> [Task objective] Print the listing below again, exactly. Skip the pictures.

++++ Provided data

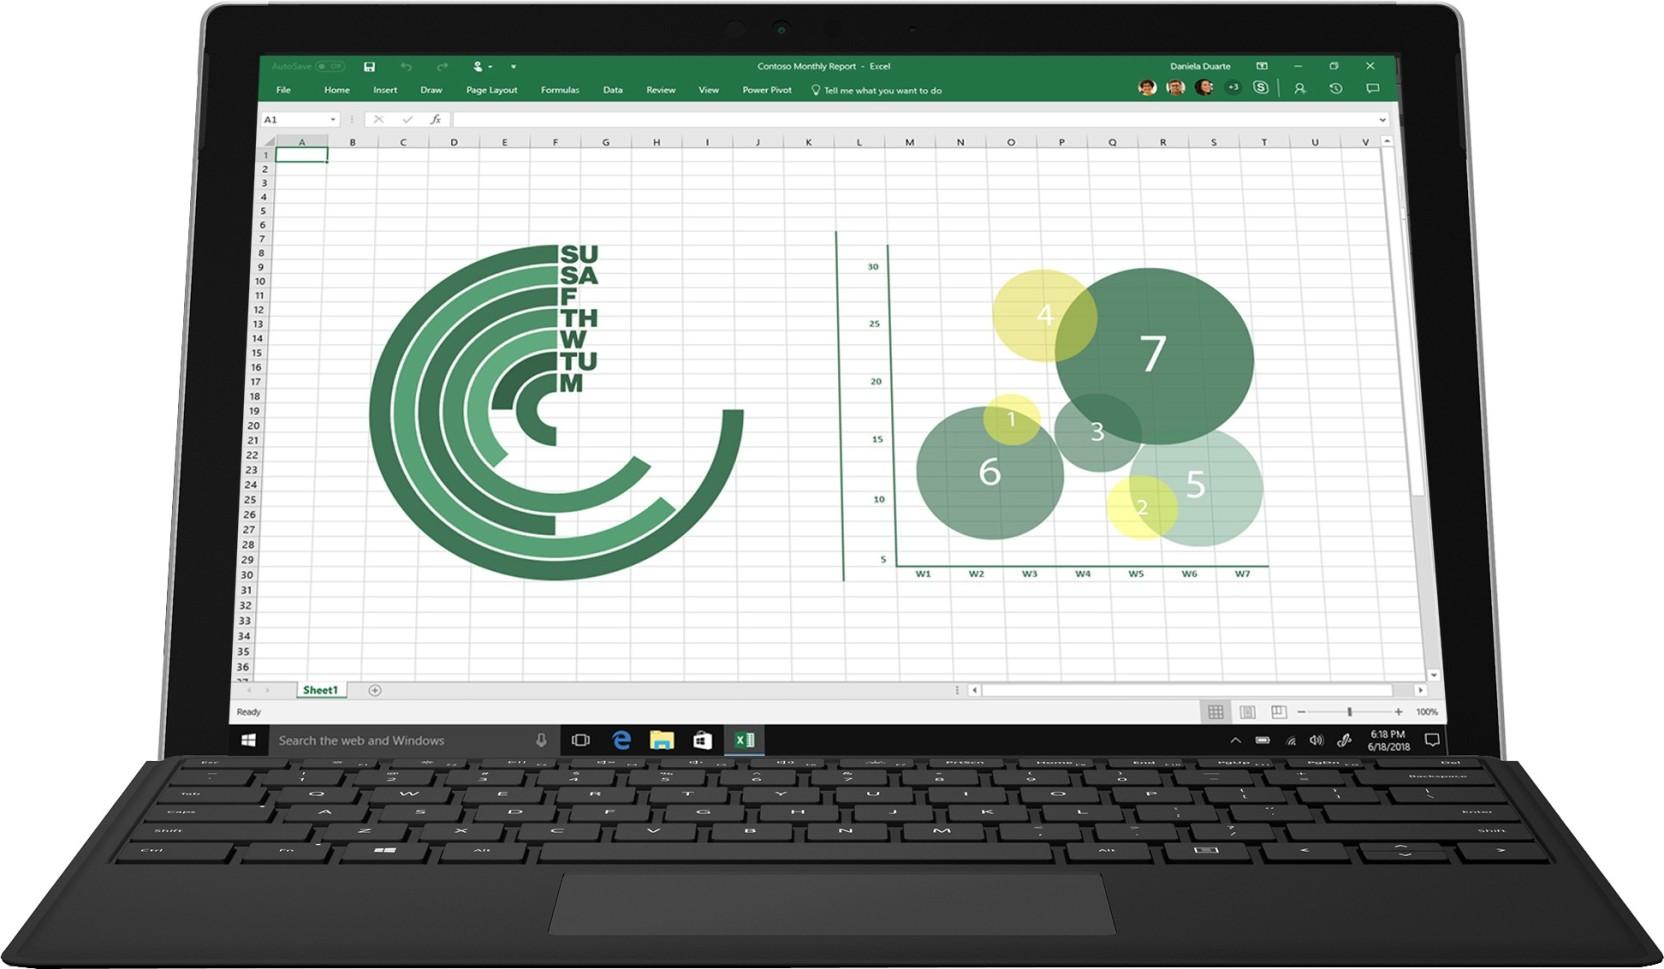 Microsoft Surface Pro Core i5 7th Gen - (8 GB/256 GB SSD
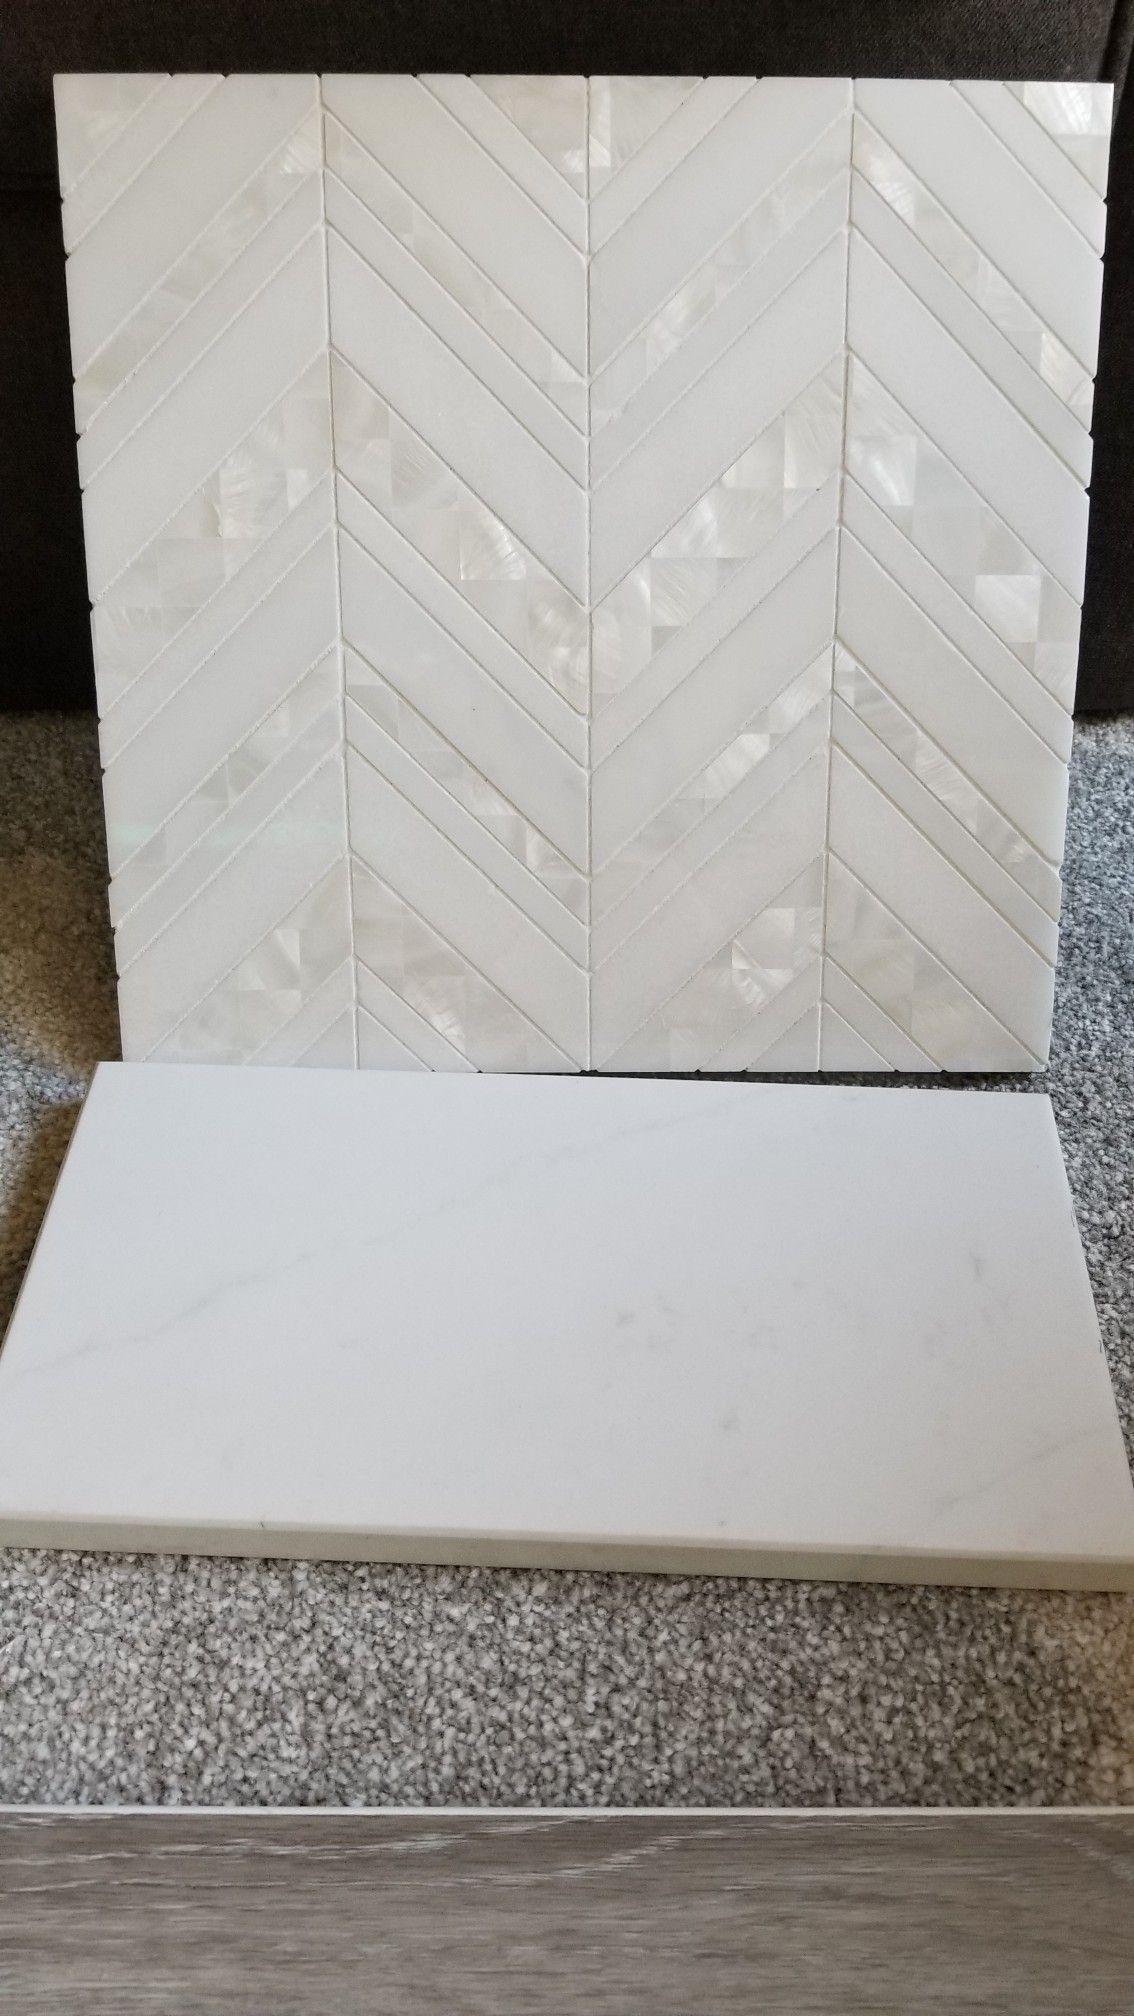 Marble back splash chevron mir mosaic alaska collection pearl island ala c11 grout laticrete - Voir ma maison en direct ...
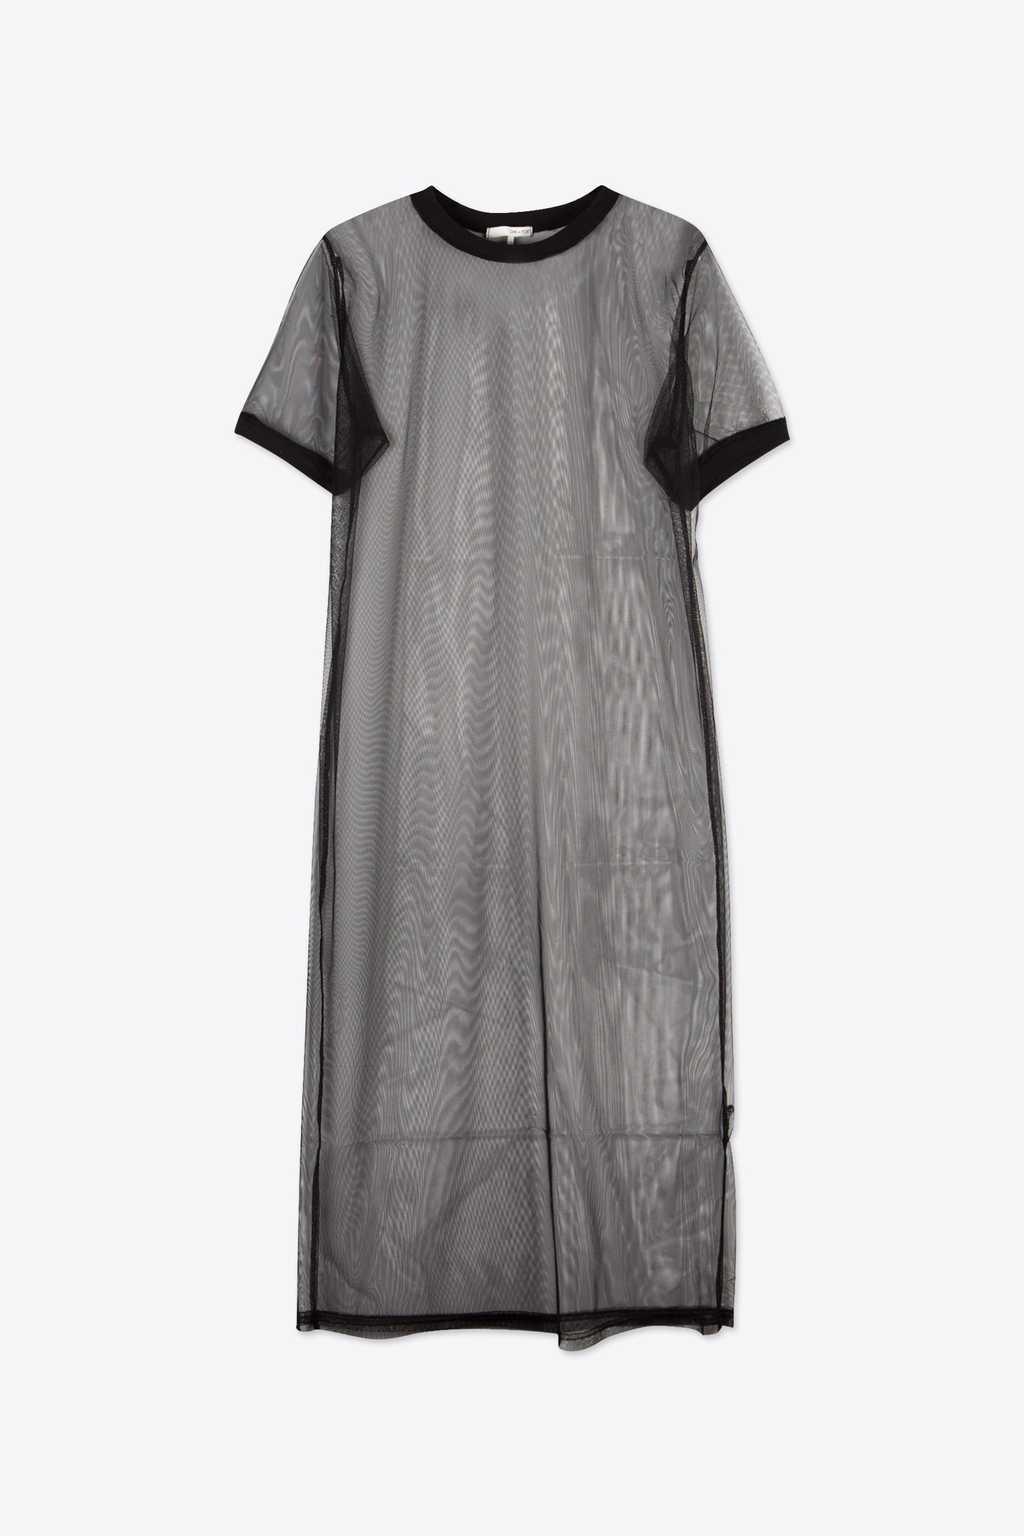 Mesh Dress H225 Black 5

++++++++

> [Solution for this task]
 Microsoft Surface Pro Core i5 7th Gen - (8 GB/256 GB SSD
 Marble back splash chevron mir mosaic alaska collection pearl island ala c11 grout laticrete - Voir ma maison en direct ...
 Mesh Dress H225 Black 5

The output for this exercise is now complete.